On m’a fait il y a peu la
remarque suivante : « au 21e siècle, il serait grand temps
de faire la différence entre sexe et amour. Les deux ne vont pas forcément ensemble. »
C’est vrai. Manifestement, les
deux sujets sont déconnectables à loisir : moyennant finances, un sourire
ravageur ou un bon baratin, on peut facilement avoir du sexe. Si le compte en
banque est vide et le sourire peu engageant, le câble ou le Net permettront
d’élargir le champ des possibles. Les bars et les boîtes offrent quant à eux diverses
possibilités de rencontre, éphémères comme aventureuses. De nos jours, les
tendances s’affirment et se revendiquent : plus personne ne montrera du doigt un homme qui
aime les femmes… ni une femme qui aime les hommes, bien que dans l’imaginaire
collectif, les deux situations ne soient pas tout à fait comparables. Plus
récent, le phénomène des sex friends est également révélateur des nouvelles pratiques de notre société puisqu’il
s’agit de retrouver l’un(e) de ses ami(e)s et de passer la soirée à échanger
bons mots et fluides corporels !
Paradoxalement, le nombre de
séparations n’a jamais été aussi élevé, et les parents célibataires sont
presque devenus la norme. Quant aux célibataires « tout court », il
semble qu’ils soient nombreux eux aussi, mais ils sont difficiles à localiser
car toujours plus ou moins en relation avec quelqu’un.
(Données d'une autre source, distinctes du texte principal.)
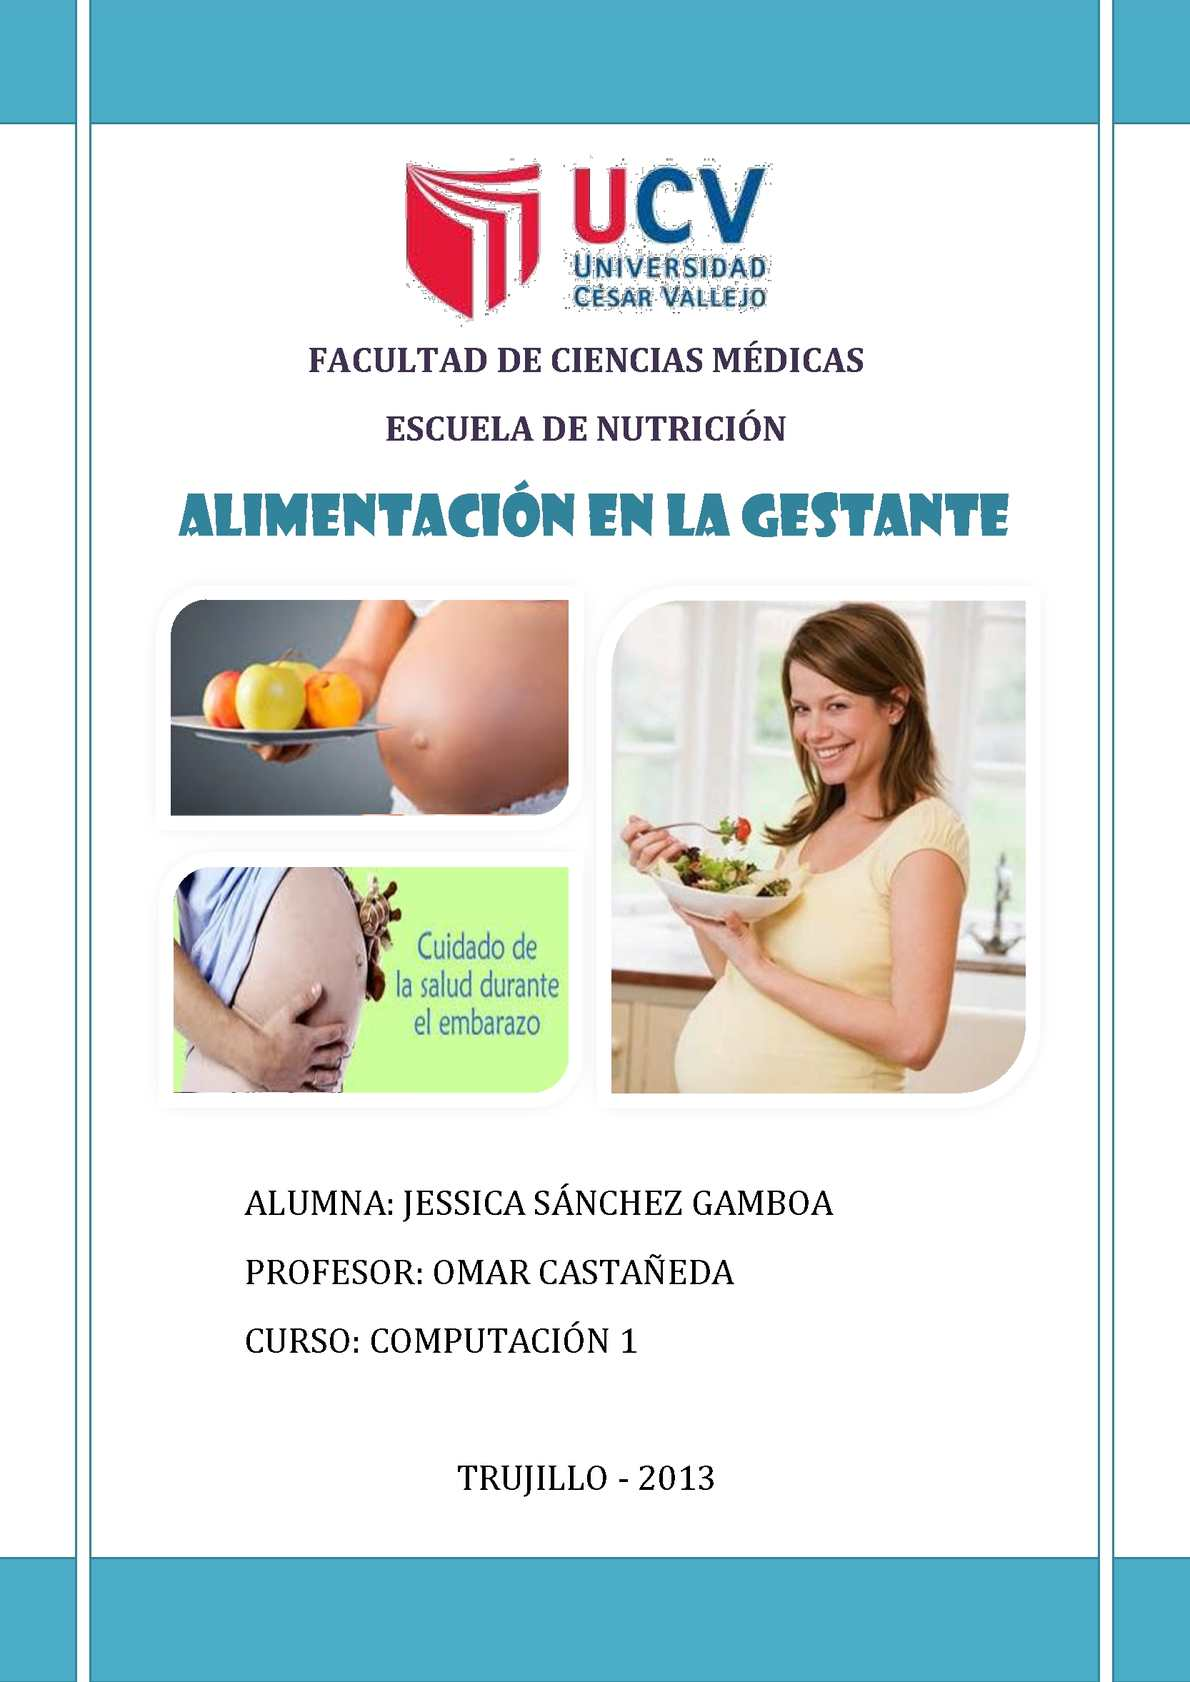 dieta de 1700 calorias para embarazadas con diabetes gestacional

La triste réalité est qu’à
l’instar d’un certain libéralisme économique en usage outre-Atlantique, notre
société se trouve progressivement gagnée par la mode de la « consommation
affective ». On se rencontre, on se connaît, on se consomme, mais ensuite
invariablement on se quitte, car le désir ne saurait remplacer l’amour
véritable, celui qui crée le manque de l’autre, qui nous tient éveillé la nuit,
qui donne naissance à autant de chaleur que de frissons et fait battre le cœur
avec une intensité inégalée. Bref, cet amour naïf que l’on ne maîtrise pas
toujours, qui se développe au moment où l’on s’y attend le moins - si possible de
manière saugrenue -, qui nous pousse à nous couvrir de ridicule mais qui porte
en lui, au fond, un délicieux goût d’absolu.
Aussi, je vous le demande : cette "banalisation" des relations sexuelles entre adultes consentants peut-elle vraiment nous aider à augmenter nos chances de rencontrer plus facilement cette personne si chère à nos yeux ? Cette personne auprès de laquelle la vie est si douce que pour rien au monde nous ne
voudrions la quitter ? J'en doute fort : il semblerait bien qu’à l’heure du sexe facile,
l’amour véritable n’ait jamais été plus difficile à trouver. Et dans ce cadre,
je ne suis pas certaine que multiplier les conquêtes et aventures dans l’espoir
de s’approcher d’un idéal plus ou moins bien délimité soit une solution
vraiment constructive.
Car si effectivement le sexe peut s’acheter, le véritable amour, lui,
ne s’achète pas. Il se donne résolument, tout entier, de manière désintéressée et en pleine lumière. Bien sûr, un tel amour est parfois pollué par un chouia de jalousie, un
soupçon d’insécurité, une pointe de déception - personne n’est parfait. Mais il
survit généralement aux épreuves de la vie, en raison même de la profondeur et
de la sincérité qu’il porte en lui.
Est-il judicieux dans ce cas de déconnecter ainsi l’amour et le sexe ? Pour ma part, il s'agit d'une aberration car l’un
ne va pas sans l’autre. L’amour constitue un pré-requis, un prétexte, pour
aller plus loin et non l’inverse. Je ne peux accueillir un homme dans mes bras si
je ne l’aime pas au préalable, car l’acte d’amour est par définition la concrétisation
charnelle d’un attachement spirituel et intellectuel. La même règle s’applique
à tous les contacts physiques, qu’ils soient fugaces ou plus appuyés. A contrario, que l’être aimé rentre dans la pièce et mon sang ne fait qu’un tour ; qu’il me regarde avec tendresse et mon cœur frémit de joie ; que sa main frôle
la mienne et un délicieux frisson m’envahit. Ce n’est pas plus compliqué que cela :
à mes yeux, l’excitation née du désir effréné de satisfaction personnelle ne
pourra jamais rivaliser avec les sensations décuplées que l’on éprouve au contact de l’être aimé.